In my memory, the morning air on this first day of school should have been crisp, but it was hot instead, a summer day arbitrarily designated to mark the beginning of fall. In compensation, school children will have recess, friends to play with, and new teachers to become acquainted with. Their parents will have peace and quiet, until after school when their children will be chattier than usual and very emphatic, excited and exhausted at the same time, and, to a certain extent, resigned.
At our house this morning, alarms started going off at half hour intervals beginning at 5:30. First, Tom (for zero hour seminary), then Abby (her first day of junior high), then Scott, then Emily, then me. Clothes were already laid out, of course, for the first day of school, and backpacks, lunch money, and water bottles were all ready to go.

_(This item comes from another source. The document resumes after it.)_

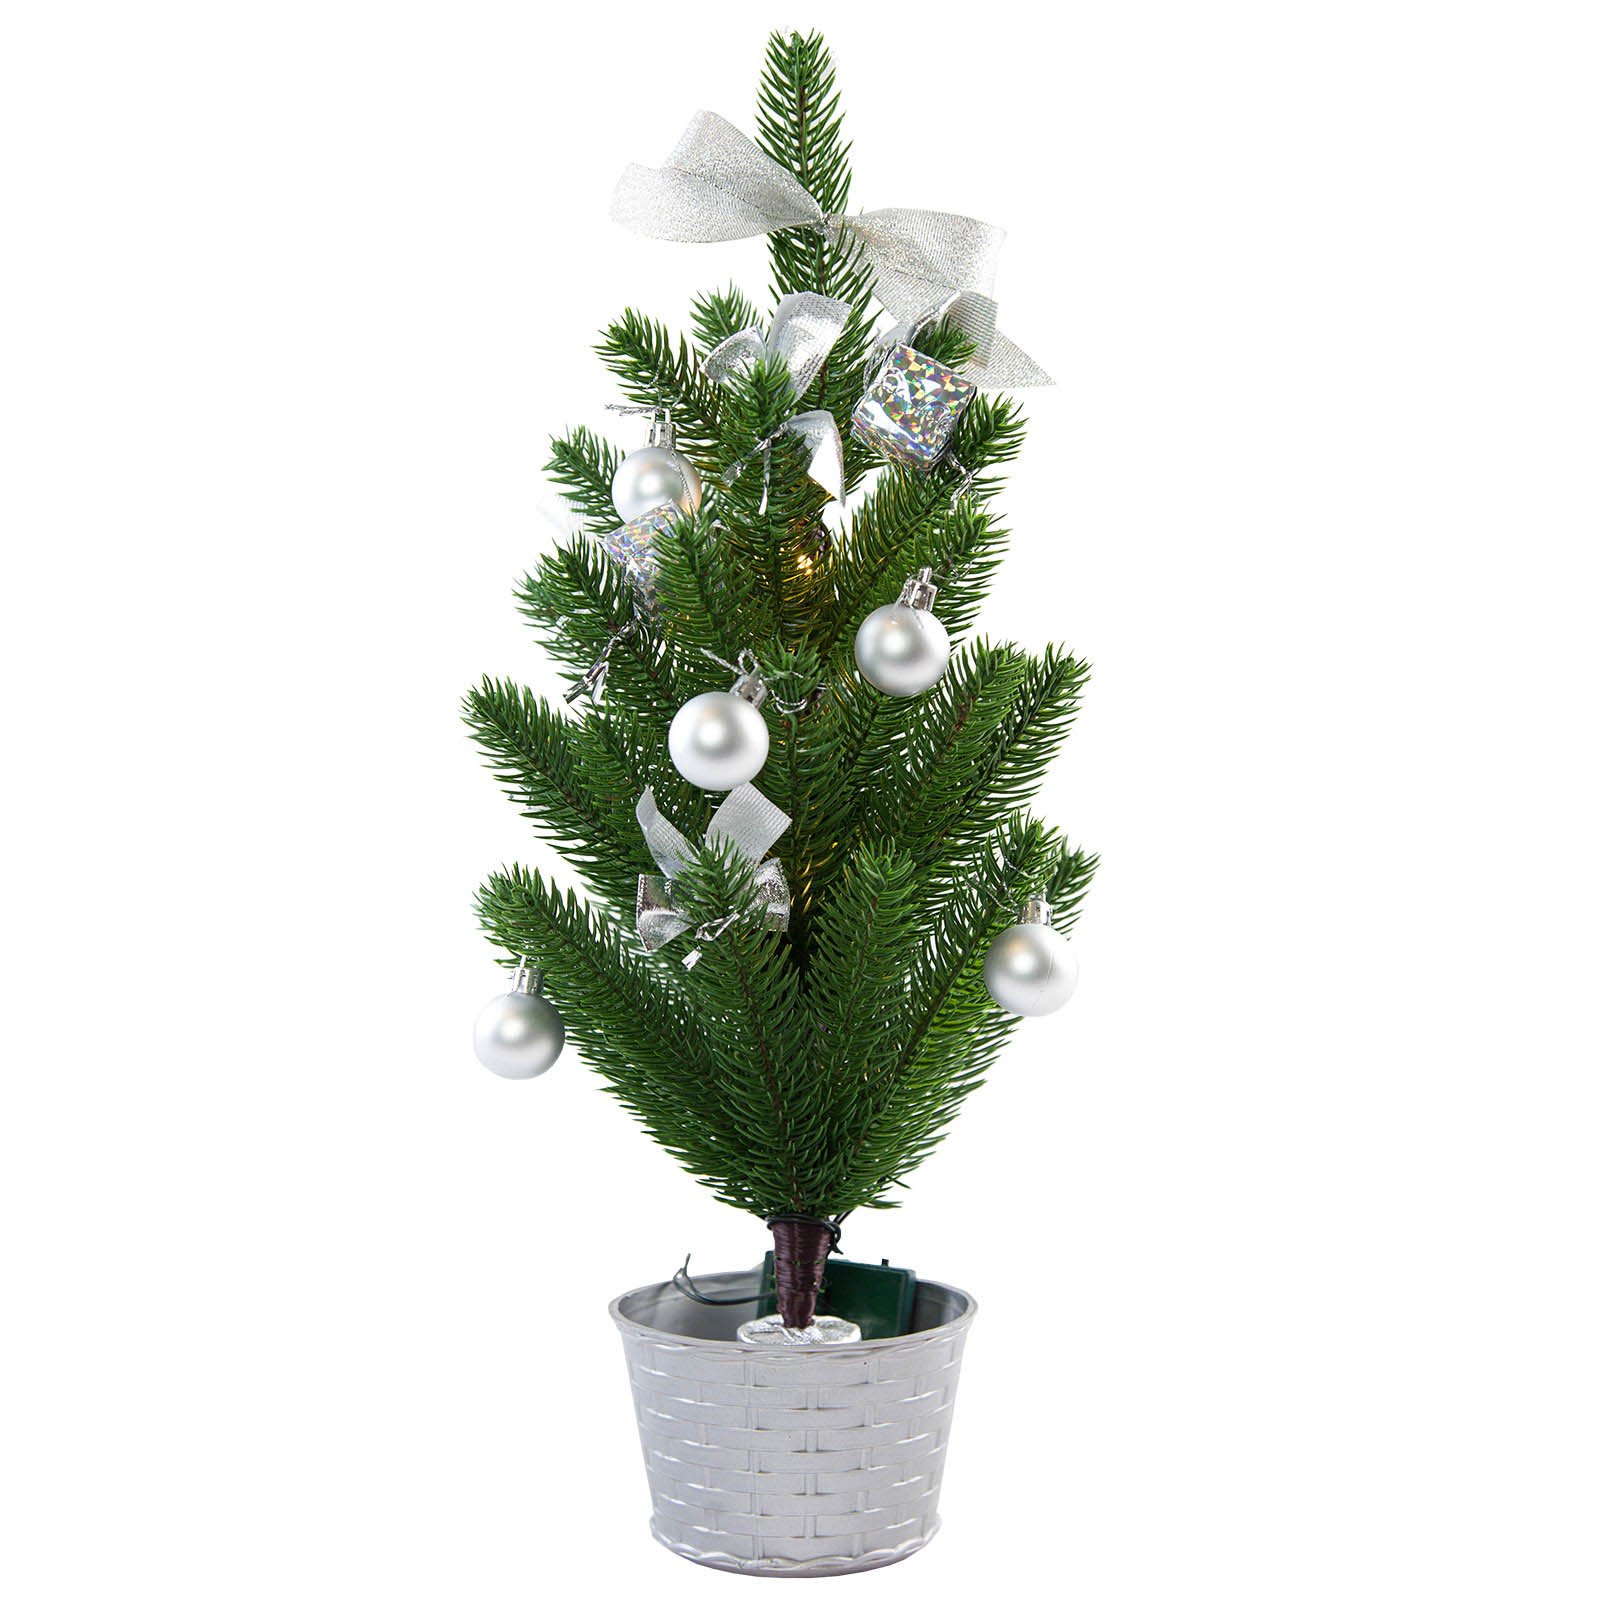 LED Christmas tree with decoration in silver

On the first day of school we’re firing on all pistons like a well oiled machine. Everyone knows where both shoes are and has matching socks, for example, but time will inevitably prove the entropy theory again, and things will be in “perfect internal disorder.” We will achieve a sort of equilibrium verging on chaos soon where one forgotten but essential load of laundry will threaten everything else.
But today – today went quite well, and I am blogging again.
3 comments:
This could only have been written by a very experienced mother. Funny how you thought this morning worked like a well-oiled machine when I had to turn my 4-door sedan verison of a school bus around to pick up a missed trumpet. But I guess, otherwise, it went pretty smoothly.
Well if the trumpet and all kids made it to school on time, dressed, with all their supplies. It was a huge success by my book.
~Leah
Picture Emily (mine) crying when I try to drop her off at school...picture not knowing where to go and mean ladies shouting orders at you... picture nervous tummies and a basket-case mom...
Florida's no Utah and school isn't just across the street anymore. Sigh...
Actually my kids were 4 days late to school as we were stuck in Utah (following a family reunion) because of the pending Hurricane. On the real first day of school, we were at a Utah urgent care having Emily's arm put in a cast after breaking it falling off a trampoline the day before. So our first day of school was everyone else's 5th day of school and we were lost.